Следовательно, соображения Палаты, что к деяниям купцов должна быть
применена совокупность слагающая, как вытекающее из содержания решения
по делу Маркова и из смысла таможенного устава, представляется
совершенно правильным. Правильность этого взгляда становится особенно
ясной при представлении практического осуществления злоупотреблений при
ввозе товаров. Возможен, во-первых, ввоз через разные таможни,
одновременно или через короткие промежутки времени. Если существует
совокупность поглощающая, то будет наказан один лишь случай ввоза,
высший по взысканию, а остальные останутся безнаказанными. Да и как, и
когда признать преступление оконченным? Каждый ввоз будет составлять
предмет нового производства, приобщаемого к уже заведенным. И раз
определив размер высшего взыскания, которому можно подвергнуться, купец
будет спокоен за то, что все последующие нарушения обойдутся ему даром.

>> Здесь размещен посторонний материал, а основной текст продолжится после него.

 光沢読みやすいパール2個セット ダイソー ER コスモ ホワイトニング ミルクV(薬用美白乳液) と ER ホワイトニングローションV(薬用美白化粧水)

Возможен, во-вторых, ввоз через одну и ту же таможню товара партиями –
отдельными тюками, возами, бочками и т. д. Досмотр каждой партии
выпускаемого товара может производиться отдельно, следовательно, и
выпуск – тоже отдельно. А если при этом выпуске будет учинено
злоупотребление, указанное в 766 ст. Уложения, то взыскание будет
исчислено по пошлине, следующей за эту партию товара. И таким образом,
при совокупности поглощающей пятикратная пошлина за отдельную партию
товара поглотит взыскания за все остальные партии, если пошлина за
каждую из них равна или хотя на копейку меньше следовавшей за первую
партию. Но тогда злоупотребление обратится в выгодное предприятие, без
риску, с заранее вычисленным небольшим взысканием, которое прикроет
собой и подавит все остальные. Тогда закон, изображенный в 766 ст.

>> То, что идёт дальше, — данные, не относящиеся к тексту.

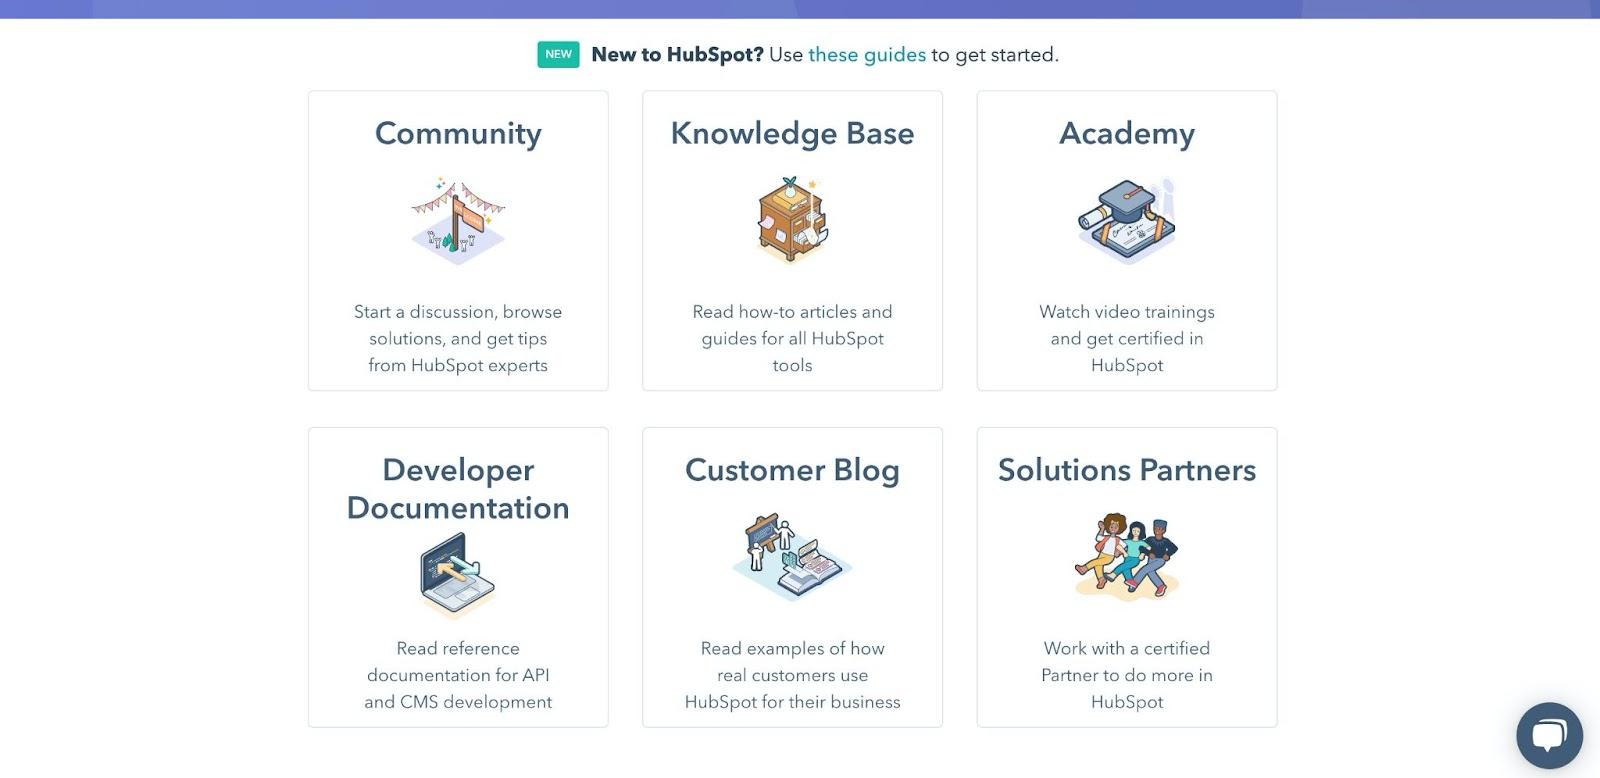 HubSpot self-service education tools

Уложения, обратится в мертвую букву, а уголовная кара, которою он
грозит, – в насмешку над правосудием!

Возможно привести и третий пример странных результатов, к которым должна
приводить поглощающая совокупность в применении к таможенным нарушениям.

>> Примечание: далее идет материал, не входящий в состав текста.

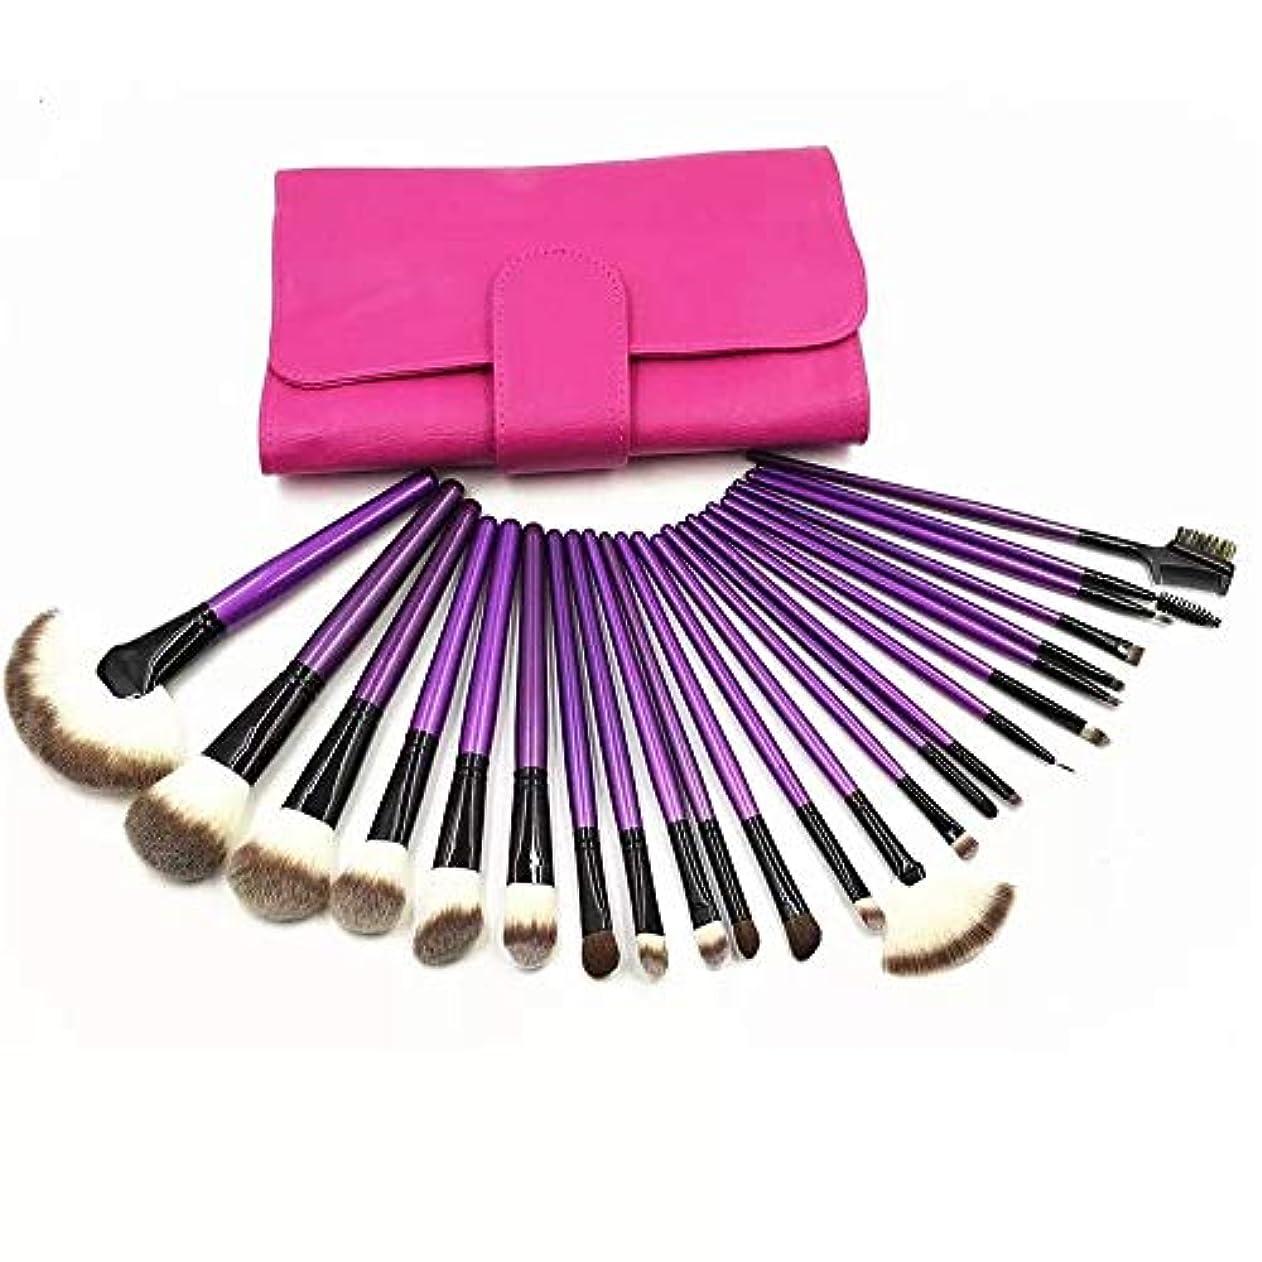 奨学金望まない便利Makeup brushes 多様性に富んだ完璧な使用、あなたの必要性を許すために保護袖が付いている24の専門の構造のブラシの場所 suits (Color : Purple)

При стечении нарушений Уставов казенных управлений, предусмотренных 1124
ст. Устава уголовного судопроизводства и разбираемых в административном
порядке, и тех, которые подлежат судебному преследованию,
административные взыскания производятся независимо от судебных. Каждое
из этих взысканий шествует своим путем, хотя оба пути сходятся вместе в
умалении денежных средств присужденного ко взысканию. Эта независимость
путей, установленная ст. 1126 Устава уголовного судопроизводства и с
подробностью развитая в решении Правительствующего Сената 1875 года, N
261, по делу Отлендера, касается, между прочим, и ряда мелких таможенных
нарушений, караемых административной властью Таможенного управления. Они
разделяются Уставом уголовного судопроизводства на 4 отдела и рассыпаны
по всему Таможенному уставу. Для взыскания по делам, подлежащим
непосредственному ведению Таможенного управления, не существует
установляемой 8 п. 152 ст. Уложения совокупности поглощающей, а
применяется несомненно простая система сложения. Но для нарушений,
преследуемых судебным порядком, существует, согласно со взглядом
кассатора, совокупность поглощающая. Таким образом, при стечении
нарушений, караемых административно и караемых по судебному приговору,
явится возможность такого положения, что за ряд нарушений чисто
формальных и незначительных купец будет наказан более строго, чем за
более важные нарушения, совершенные вместе и одновременно. Позволю себе
привести следующий пример: купец совершает 100 беспошлинных тайных
провозов через таможню и при этих 100 случаях делает 10 мелких
нарушений, предусмотренных приложением к ст. 1124 Устава уголовного
судопроизводства. Нарушения эти могут быть весьма разнообразны;
например, по 689 ст. Устава таможенного, за подчистку в объявлении
налагается штраф в 10 руб.; по ст. 690 Таможенного устава, за неподачу
объявления о товаре в то же утро, как получен на то объявление гербовый
лист, штраф в 10 руб. и т. п. Пусть максимальная пошлина, следовавшая по
каждому провозу, если бы он был совершен законно, составляет 20 руб.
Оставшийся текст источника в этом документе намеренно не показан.